Since RPA technology has been around for several years, some may believe high ROI is guaranteed. Unfortunately, this is not the case since there are many considerations for an enterprise to succeed in automating a business process at scale. In the order of where, what, then how, these considerations include:

  1. Prioritize best use cases/workloads (i.e., where): Begin by working to understand which use cases are most appropriate for automation. Look first for labor-intensive workloads with deterministic and rule-based processes, and, ideally, standardized or structured data. Start small and work to build broader stakeholder endorsement.
  2. Determine realistic ROI expectations (i.e., what): Some enterprise ROI expectations for RPA are unreasonable, leading to disappointment and disinvestment. Be sure to consider longer development cycles as well as total costs, including costs associated with RPA software licenses, configuration, implementation, and IT infrastructure.
  3. Develop implementation plan (i.e., how):
    • Establish well-defined governance: This is a key ingredient for successful RPA projects. Consider defining roles and responsibilities, creating frameworks for internal change management, and involving business, IT, legal, risk, and other entities early in the automation project.
    • Ensure strong collaboration between business and IT: RPA project success is greatly enhanced when both business and IT collaborate from the outset. This seems simple, but is often much harder in practice. 
    • Re-engineer processes to maximize impact: Processes should be re-engineered prior to applying automation technology in order to maximize business benefits. Look at RPA as just a part of your broader process improvement and digital transformation effort. 
    • Select capable tools and solutions: Evaluate RPA tools with pre-built automation libraries and re-usable components to make connection to back-end systems easier. Consider data extraction capabilities and cost and licensing options. As enterprises mature, they can progress beyond RPA to look to integrate other advanced technologies to realize additional benefits of intelligent automation.
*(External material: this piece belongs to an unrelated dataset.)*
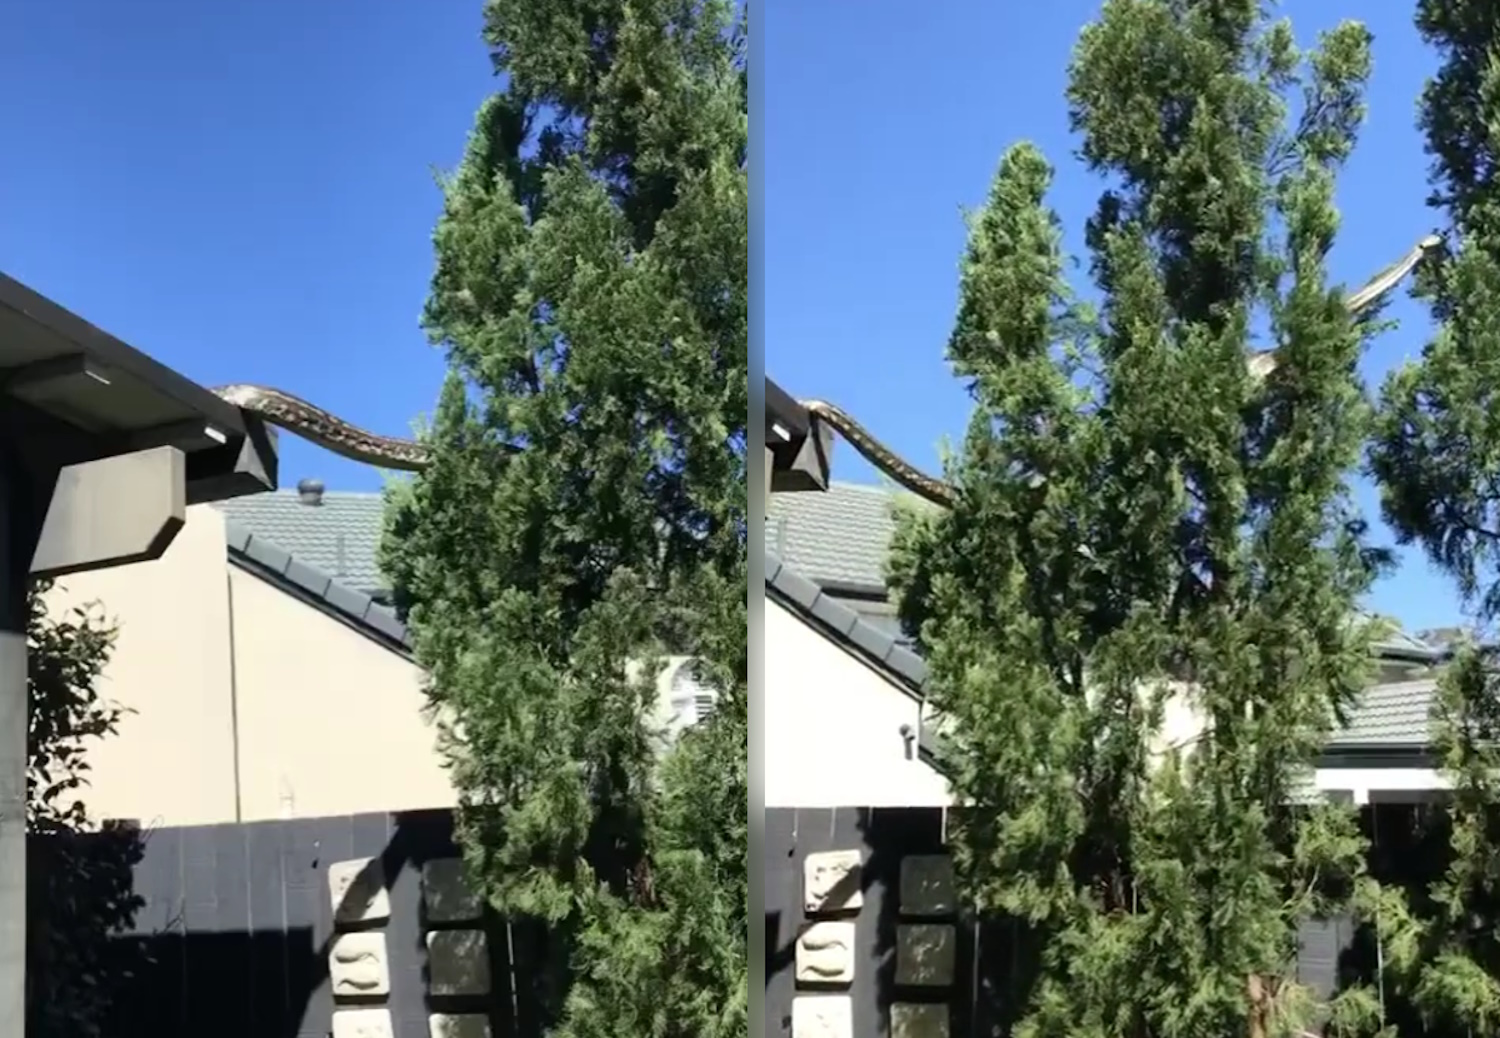 Αυστραλία: Πύθωνας 5 μέτρων περνάει από στέγη σπιτιού – Βίντεο κατέγραψε την επίσκεψή του

Consider service providers (i.e., who) with proven expertise and domain knowledge of the specific processes your enterprise will automate. The only consideration that does not deserve consideration is when—if not already underway, your enterprise needs to begin its automation journey now.
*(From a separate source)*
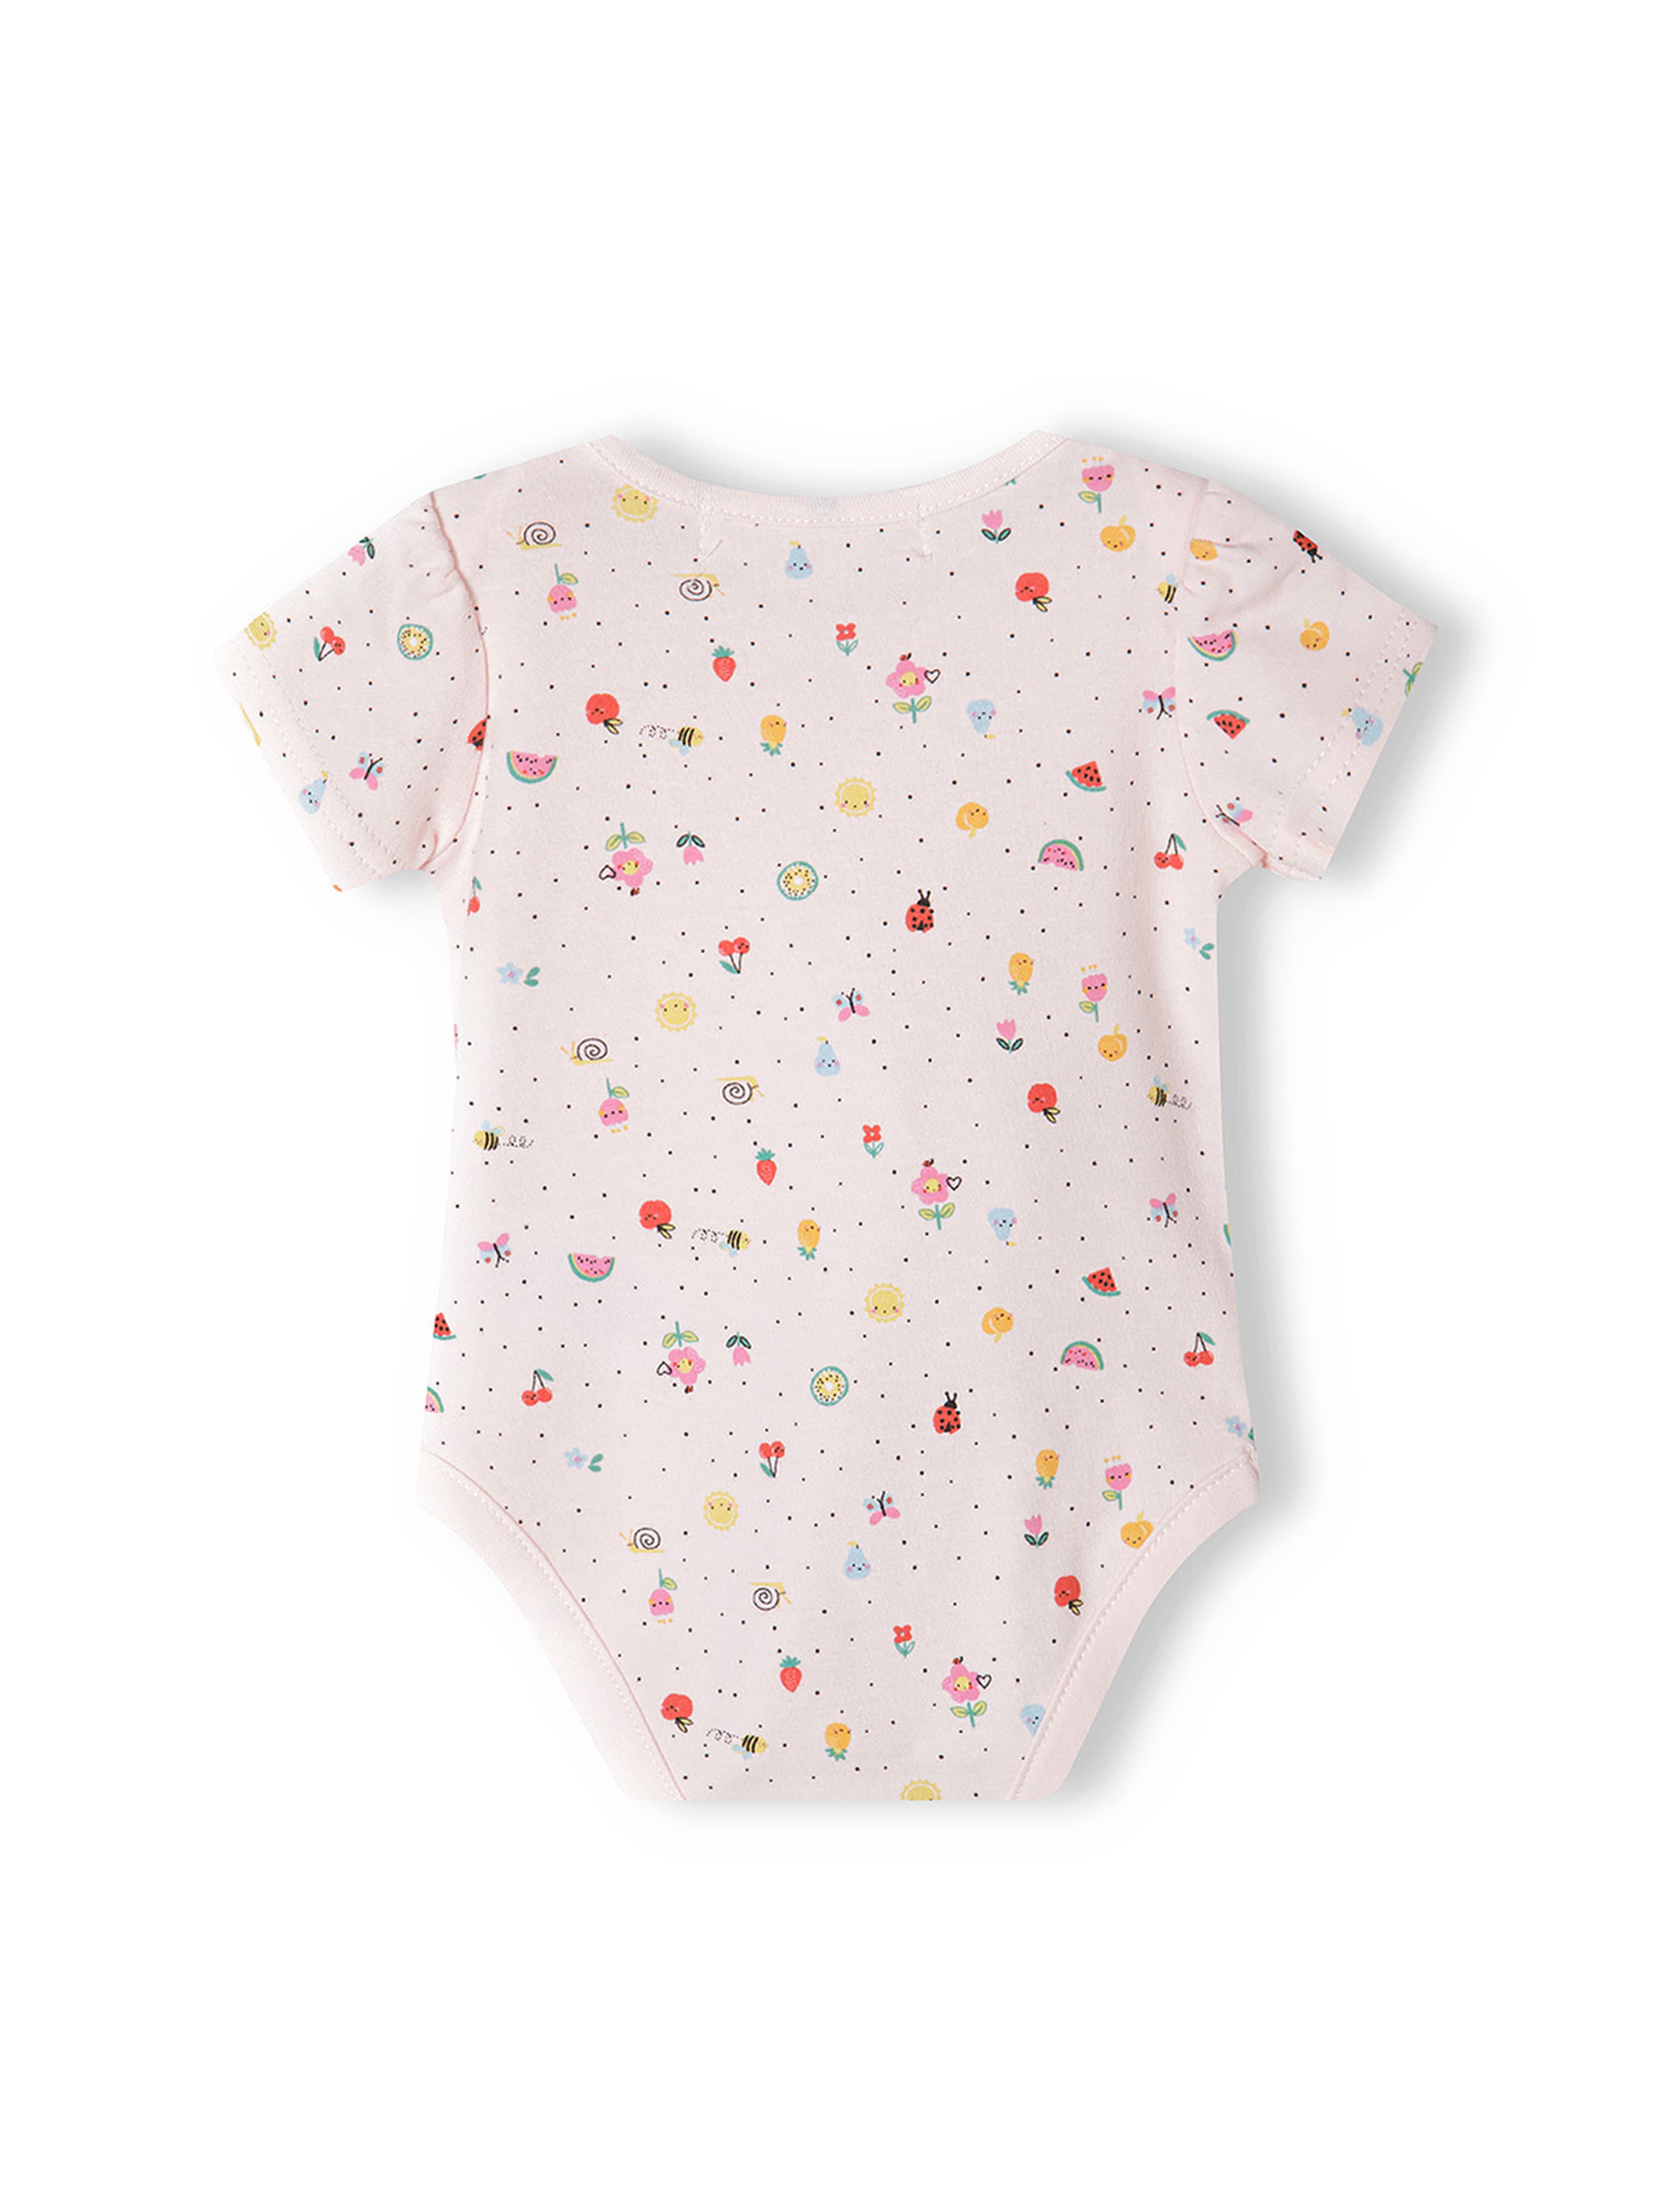 Komplet bawełniany niemowlęcy- pajac + body + półśpiochy + śliniak

George Keith Funston: “Automation does not make optimism obsolete.”

Looking forward: AI as next-generation automation tool

Recent advances in technologies, such as data ingestion, computational linguistics (or natural language processing/generation), machine learning, and computer vision, have enabled the creation of new AI-powered solutions. AI solutions will turbo-charge the productivity gains seen with prior technologies.

Your automation investments should be viewed as a continuous journey: from basic RPA to today's intelligent automation to tomorrow's AI-based solutions. Any successful business initiative requires vision, strategy, planning, collaboration, execution, governance, and continuous learning. This is also true for automation initiatives in which a learning culture—where failures are recognized quickly and learning results—may be the most important ingredient for long-term success.
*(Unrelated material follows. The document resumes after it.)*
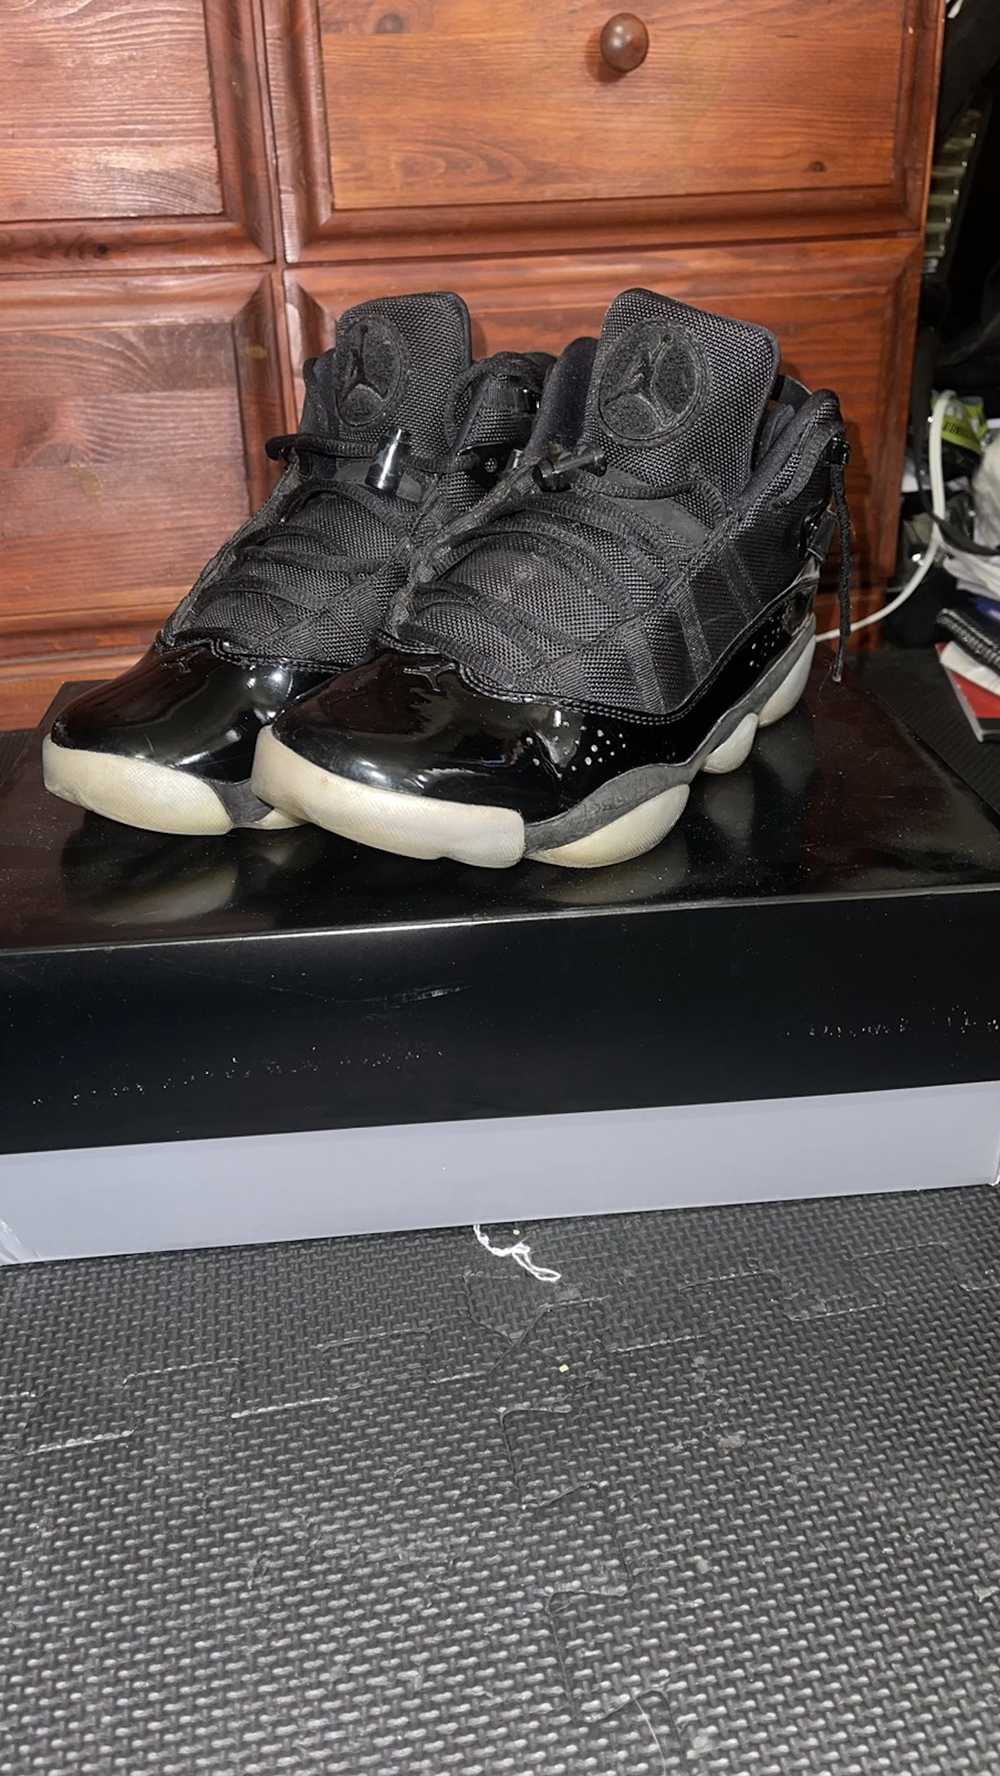 Jordan Brand × Nike Jordan 6 Rings - image 2

Winning enterprises always deliver increased value to their target customers. Intelligent automation is but one vehicle for doing so, and AI offers even more transformational business benefits (especially when combined with design thinking methodologies). Automation investments will result in the creation of a new digital workforce, which is not to be feared… just like the wheel was not.

Automation will enable humans to focus more on higher value-added work and the more vexing problems facing humanity. The resulting opportunity has been well-stated by Anna Brackett: “The more we reduce ourselves to machines in the lower things, the more force we shall set free to use in the higher.”